Give the listing below again exactly, but without any of its pictures.

━━ Data block ━━

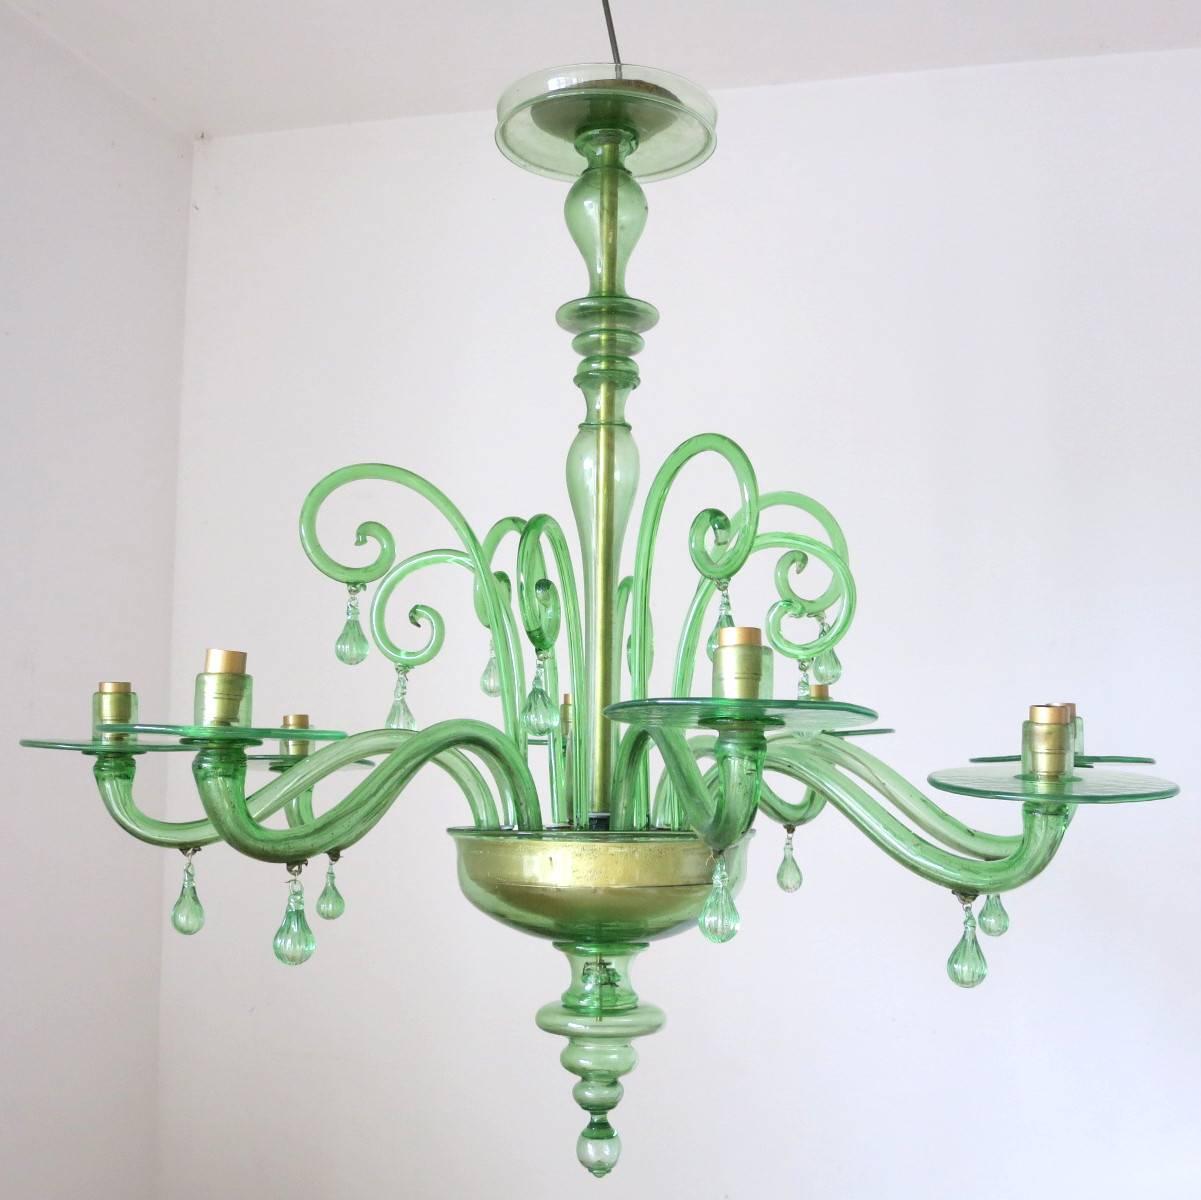 This emerald green Murano glass chandelier was mouth blown in the 1930s by skilled glass Maestros for Venini.

Originally made for burning candles, it has been newly rewired with eight candelabra light sockets (E12 type, max 60 W each).

It's in

━━━

# Response area
 This emerald green Murano glass chandelier was mouth blown in the 1930s by skilled glass Maestros for Venini.

Originally made for burning candles, it has been newly rewired with eight candelabra light sockets (E12 type, max 60 W each).

It's in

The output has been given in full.